- _TASK INSTRUCTIONS_
Below is a listing. Quote from it, exactly, the lines from the one containing "Kommissar Beck - Mord an Margareta Oberg" down to the one containing "Genuine Boston 42mm", both ends included, and nothing else.

- _RECORDS FOR THIS TASK_
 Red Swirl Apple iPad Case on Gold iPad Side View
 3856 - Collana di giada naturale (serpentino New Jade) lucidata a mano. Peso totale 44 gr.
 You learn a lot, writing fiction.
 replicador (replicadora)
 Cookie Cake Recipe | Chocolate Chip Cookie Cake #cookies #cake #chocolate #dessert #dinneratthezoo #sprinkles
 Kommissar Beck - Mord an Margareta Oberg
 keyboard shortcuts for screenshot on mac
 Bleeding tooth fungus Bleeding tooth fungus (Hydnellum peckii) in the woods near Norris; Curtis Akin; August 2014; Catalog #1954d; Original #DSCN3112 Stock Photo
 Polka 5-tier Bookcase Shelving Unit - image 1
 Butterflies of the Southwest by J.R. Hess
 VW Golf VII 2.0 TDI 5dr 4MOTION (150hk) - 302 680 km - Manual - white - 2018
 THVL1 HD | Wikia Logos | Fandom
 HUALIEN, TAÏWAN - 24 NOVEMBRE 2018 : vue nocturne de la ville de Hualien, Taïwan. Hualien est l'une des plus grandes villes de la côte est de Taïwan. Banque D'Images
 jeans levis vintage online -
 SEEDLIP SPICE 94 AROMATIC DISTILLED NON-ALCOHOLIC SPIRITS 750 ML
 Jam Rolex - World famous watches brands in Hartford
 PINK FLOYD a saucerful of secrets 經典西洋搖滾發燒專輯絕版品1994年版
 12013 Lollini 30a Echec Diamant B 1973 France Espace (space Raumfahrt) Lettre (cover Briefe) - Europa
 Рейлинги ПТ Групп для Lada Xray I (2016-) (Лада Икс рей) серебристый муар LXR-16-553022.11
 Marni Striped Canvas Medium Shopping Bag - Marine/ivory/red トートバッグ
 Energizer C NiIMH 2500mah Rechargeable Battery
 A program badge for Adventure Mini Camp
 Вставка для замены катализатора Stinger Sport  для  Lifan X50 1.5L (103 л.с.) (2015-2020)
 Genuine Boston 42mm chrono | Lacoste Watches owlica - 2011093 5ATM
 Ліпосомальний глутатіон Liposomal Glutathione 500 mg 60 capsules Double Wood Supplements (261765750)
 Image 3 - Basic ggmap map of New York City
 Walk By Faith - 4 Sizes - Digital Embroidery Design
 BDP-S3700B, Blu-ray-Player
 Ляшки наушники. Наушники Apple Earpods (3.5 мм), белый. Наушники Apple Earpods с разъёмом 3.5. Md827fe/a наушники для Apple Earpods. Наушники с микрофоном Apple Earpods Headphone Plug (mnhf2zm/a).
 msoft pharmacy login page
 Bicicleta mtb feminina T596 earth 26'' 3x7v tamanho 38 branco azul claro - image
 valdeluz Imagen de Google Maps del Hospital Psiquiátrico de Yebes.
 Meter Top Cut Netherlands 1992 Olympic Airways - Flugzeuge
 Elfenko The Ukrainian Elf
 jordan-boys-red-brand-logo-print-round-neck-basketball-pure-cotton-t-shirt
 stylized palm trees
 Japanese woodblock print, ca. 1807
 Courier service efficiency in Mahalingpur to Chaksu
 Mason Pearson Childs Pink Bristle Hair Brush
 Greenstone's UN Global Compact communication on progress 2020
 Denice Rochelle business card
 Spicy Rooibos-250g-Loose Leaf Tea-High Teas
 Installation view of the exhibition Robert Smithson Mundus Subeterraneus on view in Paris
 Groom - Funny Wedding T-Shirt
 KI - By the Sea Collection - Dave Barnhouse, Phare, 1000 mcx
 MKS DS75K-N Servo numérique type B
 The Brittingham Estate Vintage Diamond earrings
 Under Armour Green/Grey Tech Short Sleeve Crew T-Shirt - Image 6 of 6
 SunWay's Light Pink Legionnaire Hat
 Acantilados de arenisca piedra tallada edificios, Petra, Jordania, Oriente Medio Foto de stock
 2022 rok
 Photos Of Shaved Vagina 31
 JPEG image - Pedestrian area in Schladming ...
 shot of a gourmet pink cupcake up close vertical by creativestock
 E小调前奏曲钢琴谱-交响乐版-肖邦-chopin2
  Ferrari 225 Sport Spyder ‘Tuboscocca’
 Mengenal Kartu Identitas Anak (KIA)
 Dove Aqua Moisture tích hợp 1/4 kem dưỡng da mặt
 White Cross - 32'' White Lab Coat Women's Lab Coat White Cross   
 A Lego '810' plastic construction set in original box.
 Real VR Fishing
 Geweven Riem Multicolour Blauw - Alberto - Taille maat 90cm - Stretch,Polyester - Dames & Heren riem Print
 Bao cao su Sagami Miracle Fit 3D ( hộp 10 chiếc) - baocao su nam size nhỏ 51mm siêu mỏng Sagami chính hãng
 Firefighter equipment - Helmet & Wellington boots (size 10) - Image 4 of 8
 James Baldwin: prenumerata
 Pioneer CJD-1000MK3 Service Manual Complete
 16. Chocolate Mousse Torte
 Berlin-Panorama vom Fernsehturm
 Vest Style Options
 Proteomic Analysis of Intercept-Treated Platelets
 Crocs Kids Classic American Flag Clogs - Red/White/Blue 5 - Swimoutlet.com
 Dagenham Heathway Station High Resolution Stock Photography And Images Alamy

- _ANSWER TO THIS EXERCISE_
 Kommissar Beck - Mord an Margareta Oberg
 keyboard shortcuts for screenshot on mac
 Bleeding tooth fungus Bleeding tooth fungus (Hydnellum peckii) in the woods near Norris; Curtis Akin; August 2014; Catalog #1954d; Original #DSCN3112 Stock Photo
 Polka 5-tier Bookcase Shelving Unit - image 1
 Butterflies of the Southwest by J.R. Hess
 VW Golf VII 2.0 TDI 5dr 4MOTION (150hk) - 302 680 km - Manual - white - 2018
 THVL1 HD | Wikia Logos | Fandom
 HUALIEN, TAÏWAN - 24 NOVEMBRE 2018 : vue nocturne de la ville de Hualien, Taïwan. Hualien est l'une des plus grandes villes de la côte est de Taïwan. Banque D'Images
 jeans levis vintage online -
 SEEDLIP SPICE 94 AROMATIC DISTILLED NON-ALCOHOLIC SPIRITS 750 ML
 Jam Rolex - World famous watches brands in Hartford
 PINK FLOYD a saucerful of secrets 經典西洋搖滾發燒專輯絕版品1994年版
 12013 Lollini 30a Echec Diamant B 1973 France Espace (space Raumfahrt) Lettre (cover Briefe) - Europa
 Рейлинги ПТ Групп для Lada Xray I (2016-) (Лада Икс рей) серебристый муар LXR-16-553022.11
 Marni Striped Canvas Medium Shopping Bag - Marine/ivory/red トートバッグ
 Energizer C NiIMH 2500mah Rechargeable Battery
 A program badge for Adventure Mini Camp
 Вставка для замены катализатора Stinger Sport  для  Lifan X50 1.5L (103 л.с.) (2015-2020)
 Genuine Boston 42mm chrono | Lacoste Watches owlica - 2011093 5ATM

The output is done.